There are many classification methods for EEG data and eye movement data. The algorithms widely used in EEG signals and classification include K-nearest neighbor, quadratic discriminant analysis, decision tree, and SVM method, and eye movement data classification include SVM method, K-nearest neighbor, and Fisher linear discrimination. To validate the effect of the method used in this article, the extracted EEG feature vectors were fed into the above classifier, and the classification performance is shown in the table. Comparing the accuracy, precision, recall, and F1 values of each classifier, the SVM classification method used can be better than the above classification K-nearest neighbor, secondary discriminant analysis and decision tree are widely used in the classification of EEG signals. In order to verify the effect of this method, the extracted EEG feature vector is input into the above classifier, and the classification performance is shown in Table 10. Comparison of accuracy, precision, recall, and F1 values of each classifier shows that the SVM classification method used in this article outperforms the K-nearest neighbor algorithm.
Summary of Experimental Results
The results obtained from comprehensive experiments 1 and 2 show that the proposed method to identify human-computer interaction intent based on EEG signals and eye movement signals is effective. According to the five interaction intention discrimination of operators, the EEG signals overlap greatly during classification. At this time, the abscissa of eye movement signal gaze point PX, gaze point ordinate PY, and saccade amplitude SA have great advantages, and the accuracy of interaction intention recognition has reached 92%.

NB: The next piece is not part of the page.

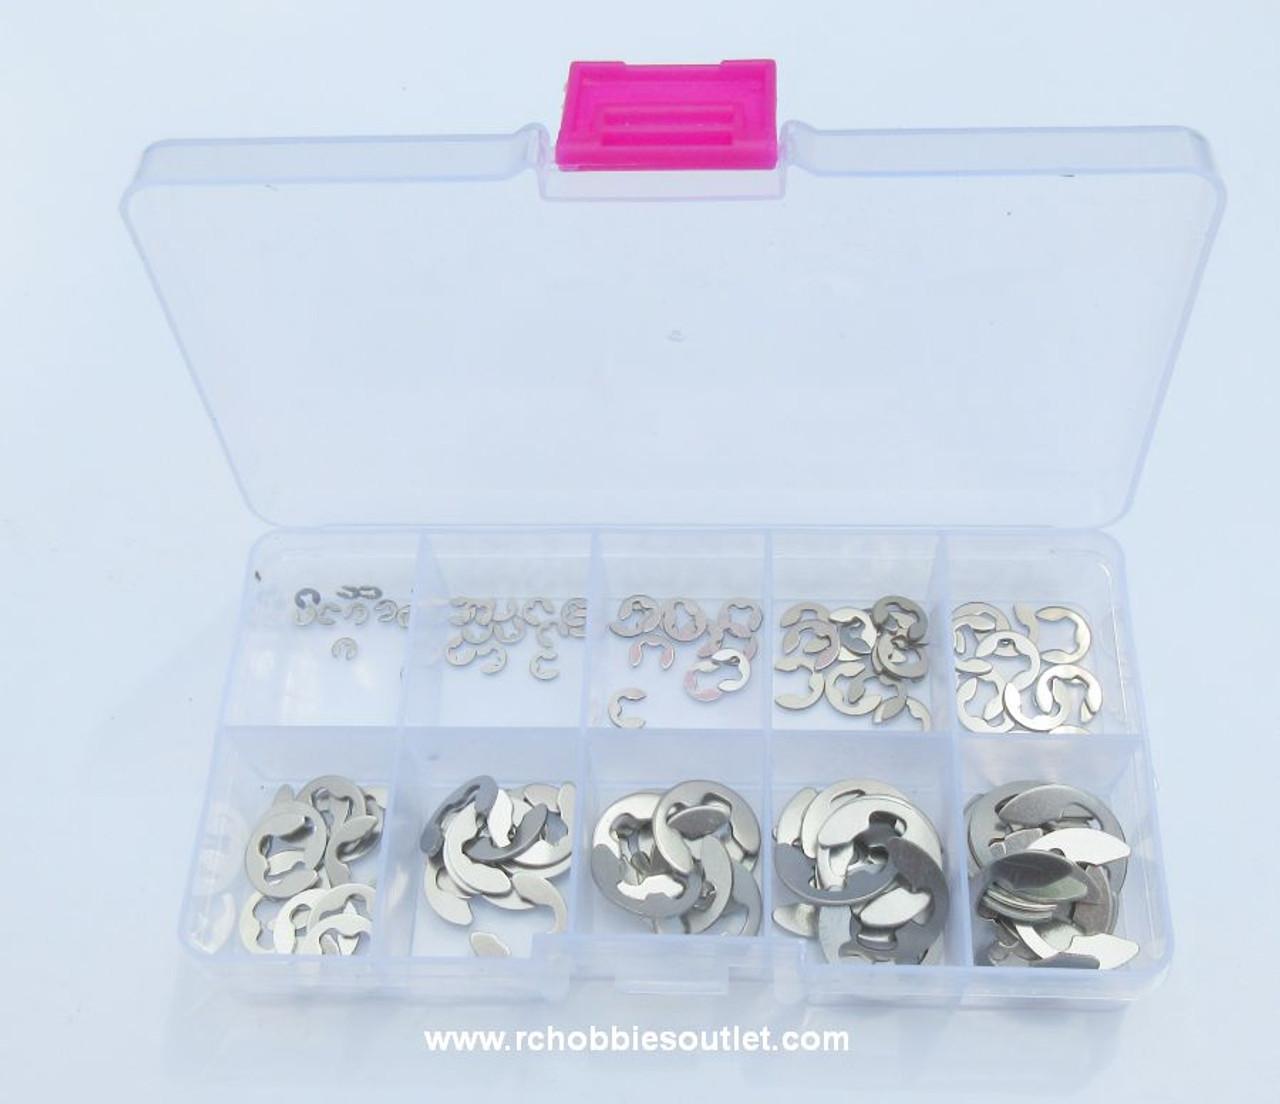 120 Piece Stainless Steel  E Clip  Assortment Kit

For the cognitive status discrimination of operators in special cases, Experiment 2 added EEG signals with a single use of eye movement signal pupil diameter PS and fixation time FD (S) to achieve a high accuracy rate of operator cognitive status (Fixation Duration). The cognitive states were identified separately by combining the screened EEG parameters Rα/β with the pupil diameter of eye movement signals and gaze time, and the Rα/β, PS, and FD combinations achieved an optimal accuracy of 91.67%. The EEG emotional features and image visual features were fused by Liu et al. (2021) for emotion recognition. This method has been verified on face of China emoticon picture system, and it is found that the average recognition accuracy of seven emotions is 88.51%. A multimodal fusion method based on attention and joint attention was proposed by Kim (2020), which uses eye movement signals to identify emotions, and the highest accuracy rate is 82.7%. A data fusion method based on EEG and eye movements was proposed by Wei (2019), which improved the accuracy of recognition and prediction of motion imagination. The average classification accuracy of feature layer and decision layer reached 81.16 and 82.56%, respectively. The identification method of human-computer interaction intention proposed in this article is obviously more effective and comprehensive.
Conclusion
In order to solve the contradiction between the limited attention, energy, reaction power and psychological bearing capacity of operators during human-computer interaction and the huge information quantity, fast update, and complex variety, this article proposes a method to identify human-computer interaction intention and cognitive state based on eye movement and EEG signals. The experimental results show that the method proposed in this study predicts human-computer interaction intention driven by higher accuracy.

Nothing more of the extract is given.